== Data shown ==

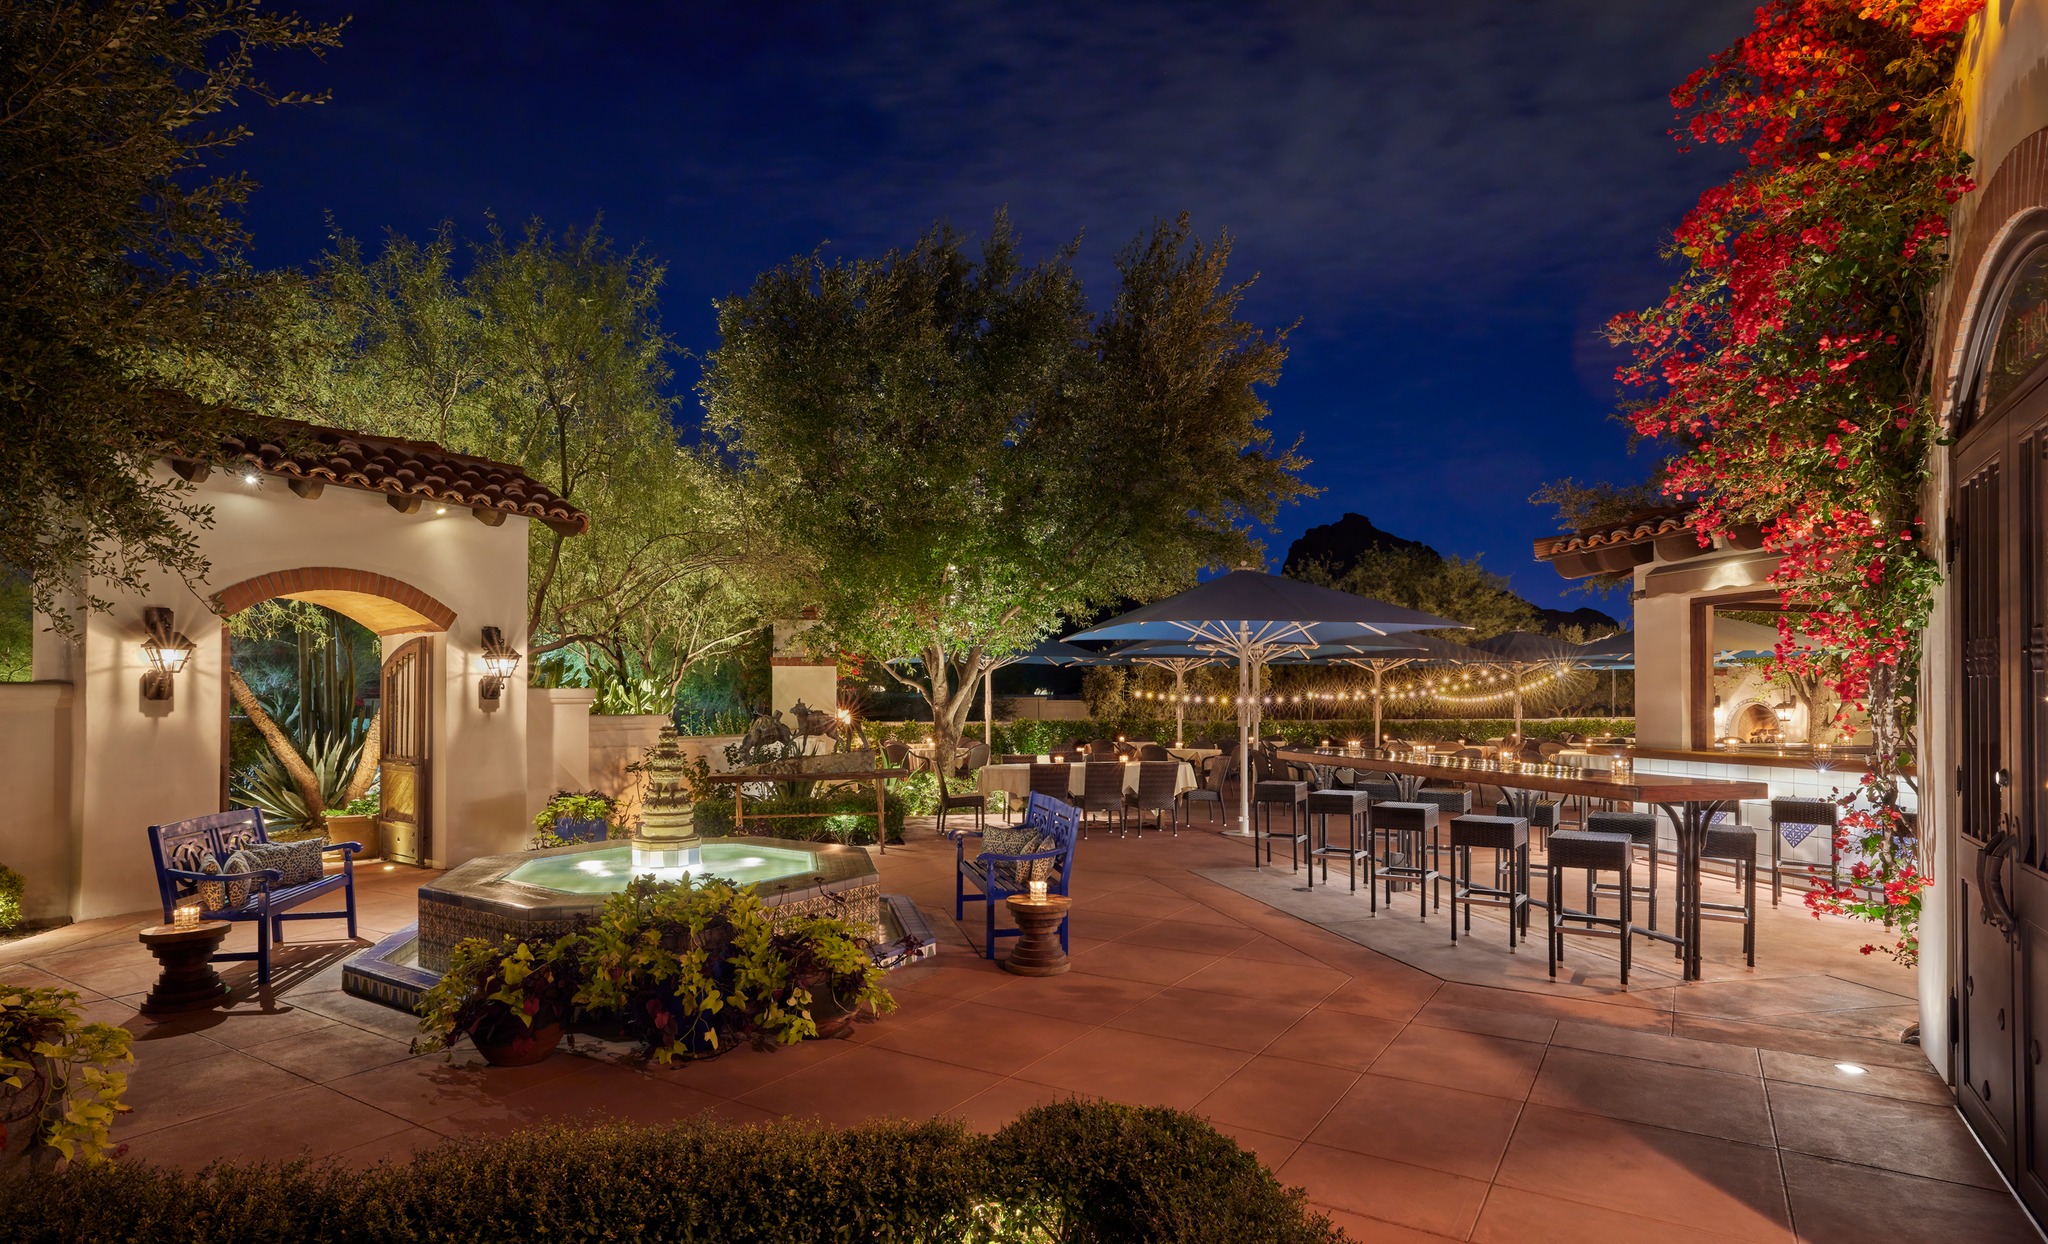 An evening shot of the patio at El Chorro with a water feature and tables.
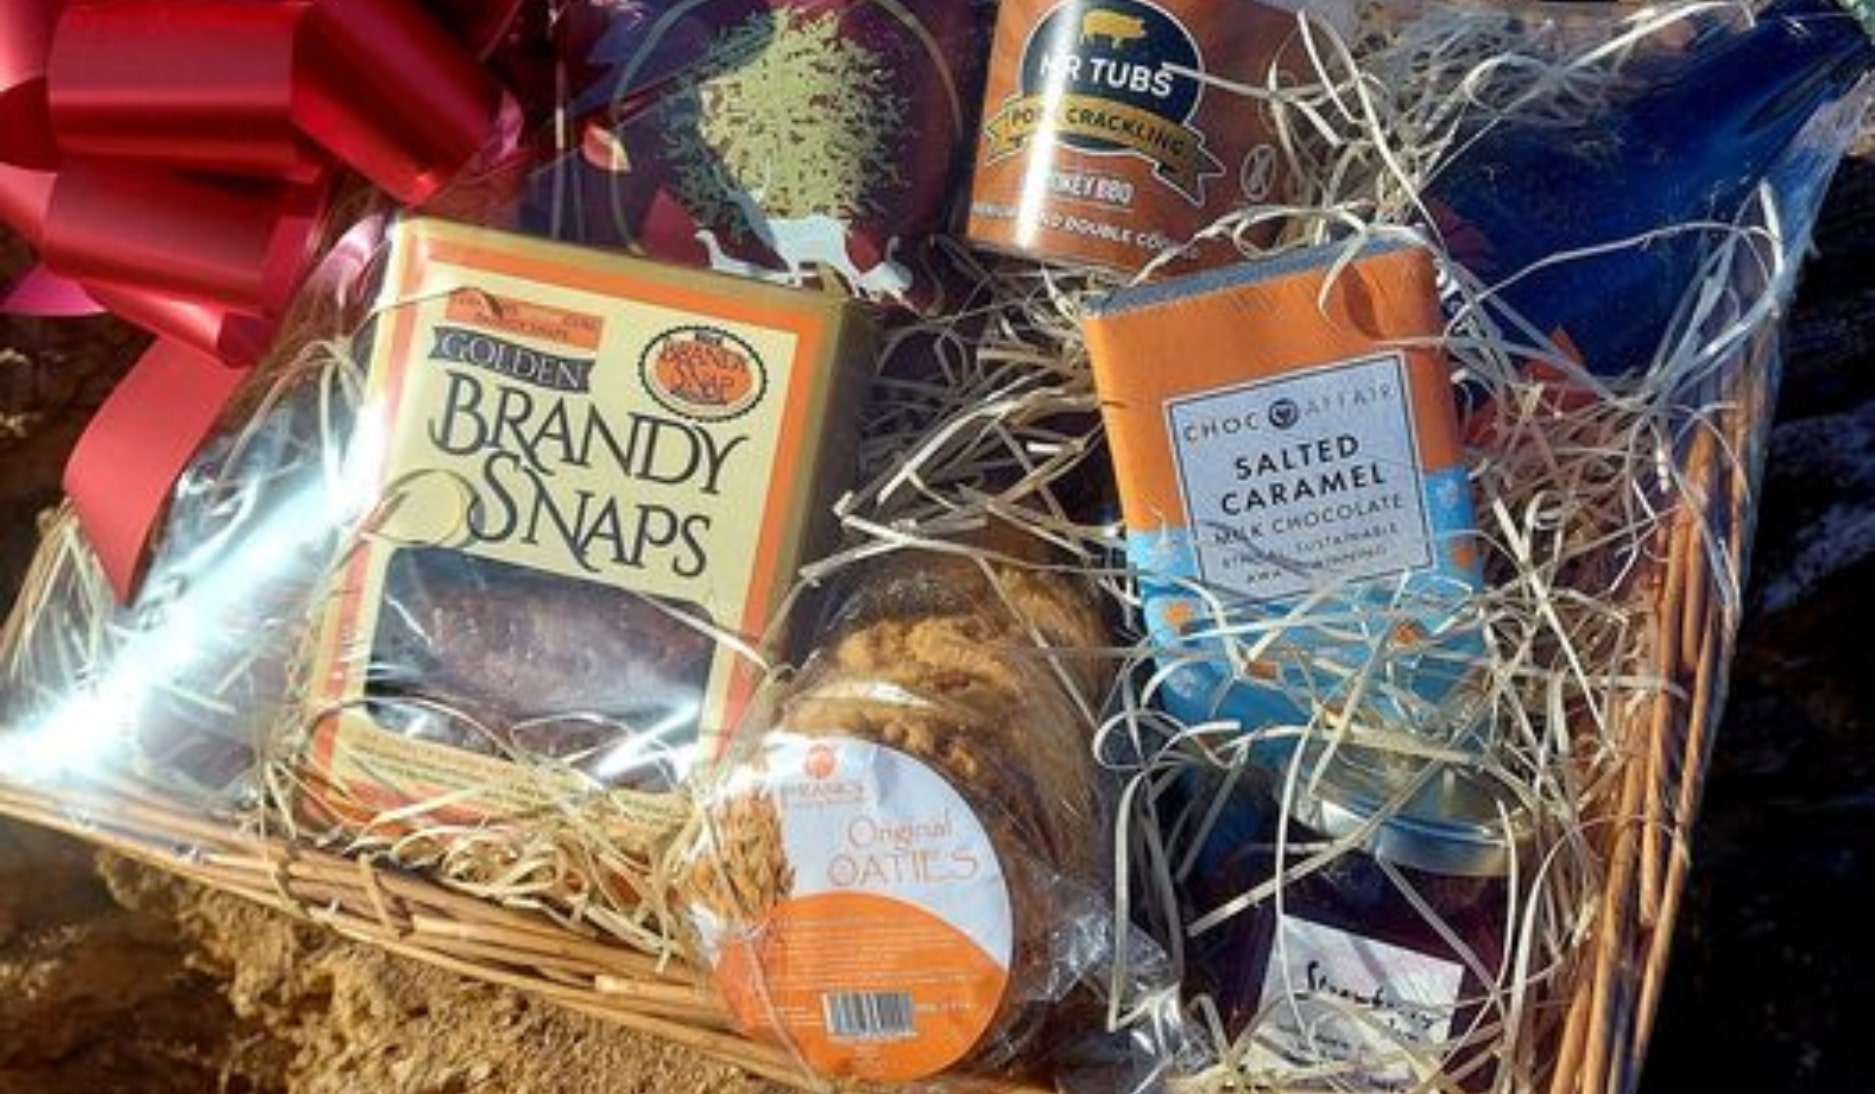 A wooden basket with brandy snaps, chocolate, and other food products inside
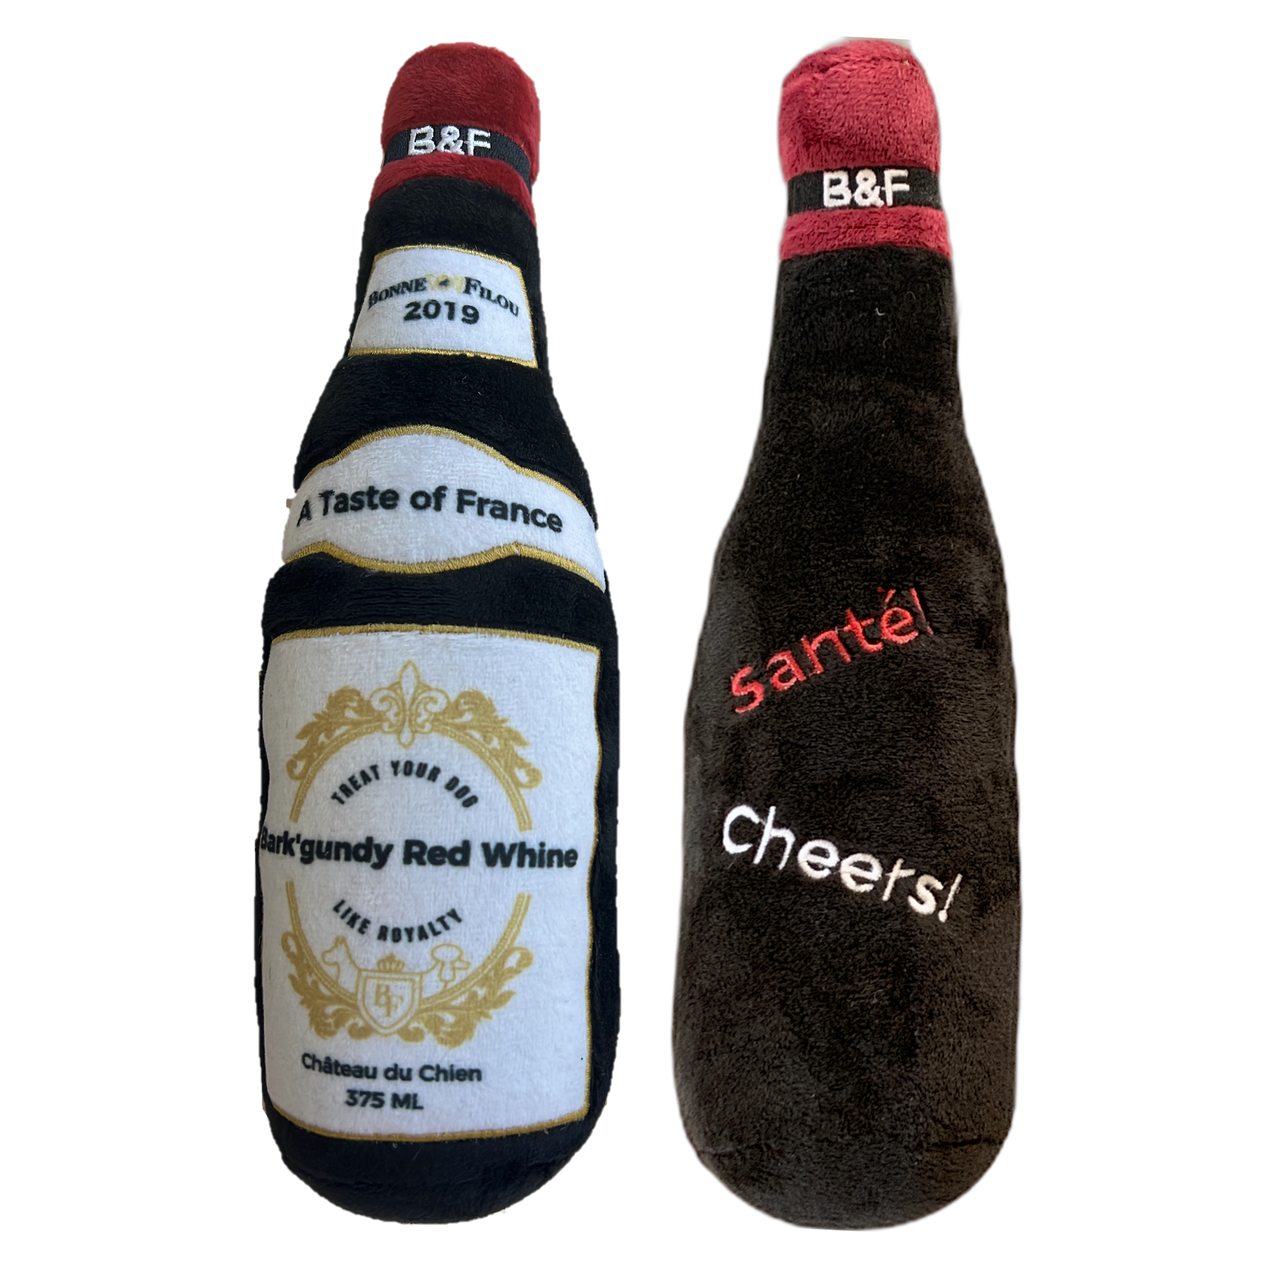 Wine Bottle Squeaky Dog Plush Toy (Bark'gundy Red Whine)

===

Task directions. Repeat the full listing above without altering a word, and skip the pictures.

The answer.
 An evening shot of the patio at El Chorro with a water feature and tables.
 A wooden basket with brandy snaps, chocolate, and other food products inside
 Wine Bottle Squeaky Dog Plush Toy (Bark'gundy Red Whine)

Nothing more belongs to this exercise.